A government-commissioned review of forestry in British Columbia is calling for the system to be razed and rebuilt with a focus on trust and transparency about the state of the province’s forests, shifting away “from managing harvest volumes to managing lands.”
The final report from the Provincial Forestry Advisory Council released Monday says trust has been eroded by inconsistent forest data controlled largely by industry and government.
It calls for the creation of a transparent forest inventory based on laser measurements with a new independent body to manage the information.
“We’re here because we have a system that is built on an era that no longer exists,” said Shannon Janzen a co-chair of the advisory council.
“There has been too much change, there has been too much disruption around us that we need to step ahead, accept our reality, and be able to adapt so that the communities themselves have power over their future.”
The 80-page report says there also needs to be an arm’s-length assessment of high-value old growth trees to reduce conflict and ensure everyone is working from the same reliable data.
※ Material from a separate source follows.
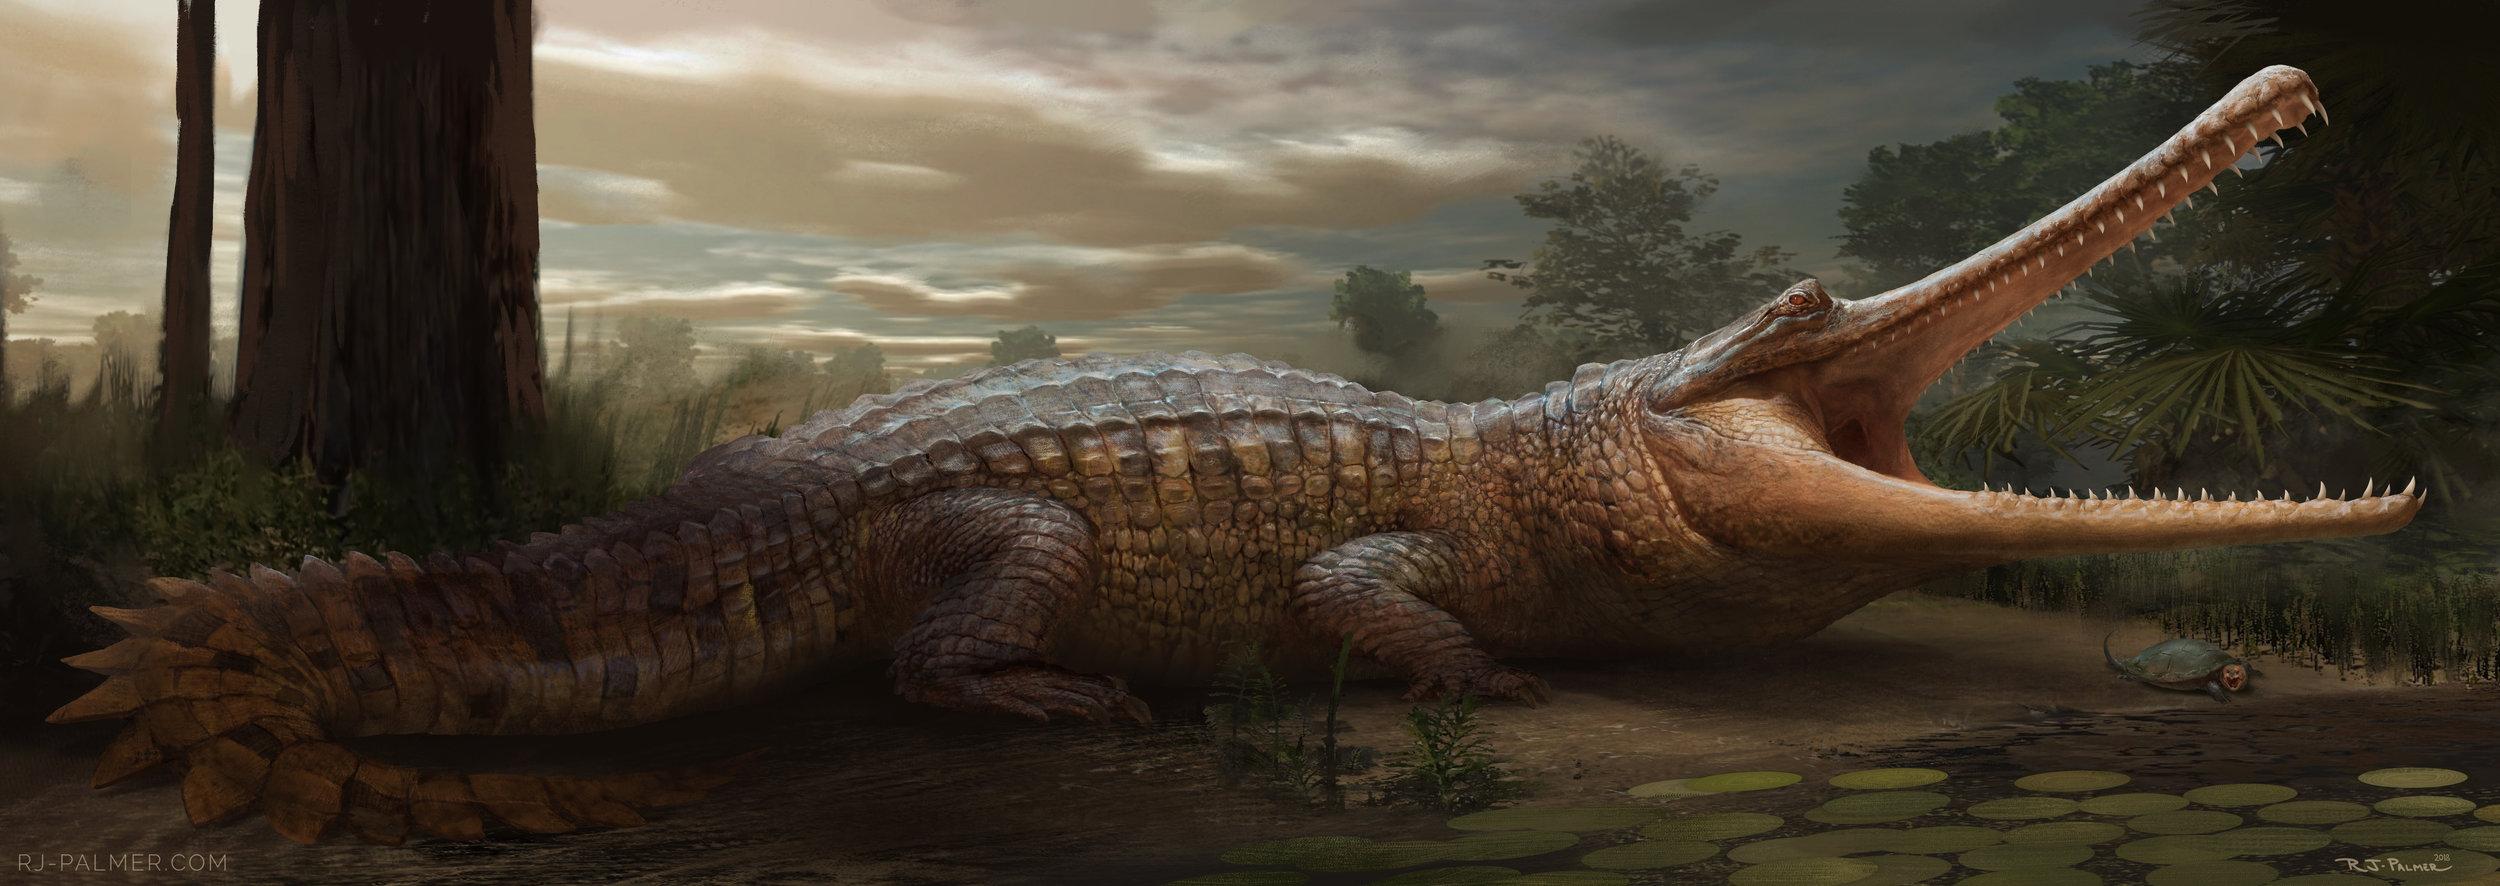 rjpalmer_thoracosaurus_005.jpg

The authors of the report, including industry representatives and academics, pitch a model that would change who makes decisions about lumber allotment, taking that power away from the provincial government and shifting it to regional bodies that manage defined areas.
Co-chair Garry Merkel described it as being “a little bit like school boards,” with decision-makers who are connected to the communities.
He said under the current model decisions are largely driven by people outside of the communities “trying to think about what they need and what they want,” while also dealing with changing rules that come with each provincial government that is elected.
Janzen, a former chief forester, said the use of area-based land management is not a new idea and is already in use in places likes Ontario and Alberta.
“It is not about government as much as it is about the people on the ground who actually have to step up and figure out how they can sort of form their own destiny here,” she said.
“And it’s about letting go of centralized control, Victoria-based decisions, into people in regions where the land is and the impacts of that land is actually felt.”
Forest Minister Ravi Parmar would not commit to implementing the report’s recommendations, telling reporters on Monday that he has to consult with other ministries.
“Government will be looking at those recommendations in detail and as part of the broader work that we’re doing to restore confidence in British Columbia’s forest sector,” he said.
Thousands of forestry workers have lost their jobs as mills close across the province with timber supplies drying up and the U.S. government increasing tariffs and fees on Canadian softwood.
The report calls for publicly accessible, reliable data to form the foundation for land management decisions. It says a “robust” inventory must be created based on the use of LiDAR technology, which uses lasers to analyze forests, including tree heights, canopy density, and terrain.
“Trust is eroded by inconsistent data currently controlled largely by industry and government. To support evidence-based decisions, the province must transition to external, expert driven, transparent and service-oriented data management and delivery,” it says.
Green Party MLA Rob Botterell, who was at the news conference with Parmar on Monday, said in a statement that the report “offers a monumental reset for British Columbia’s forests.”
“B.C.’s forest-management system will face worse ecological degradation, instability, heightened conflict, declining public trust, and the loss of communities from permanent mill closures. The real risk is pretending a system that has failed workers, communities, and forests for decades will suddenly start working,” he said.
The opposition B.C. Conservatives said the report, which estimates implementation of the recommendations could take five years, “ignores industry realities and doubles down on governance restructuring.”
Forests critic Ward Stamer said in a statement that the report’s core recommendations emphasize new structures, additional oversight bodies, and long-term frameworks, while largely ignoring the immediate barriers preventing wood from getting to market.
“Instead of streamlining permits or cutting red tape, this report actually recommends creating yet another oversight body,” he said. “It barely addresses regulation or permitting in any meaningful way. That tells forestry workers exactly where they stand.”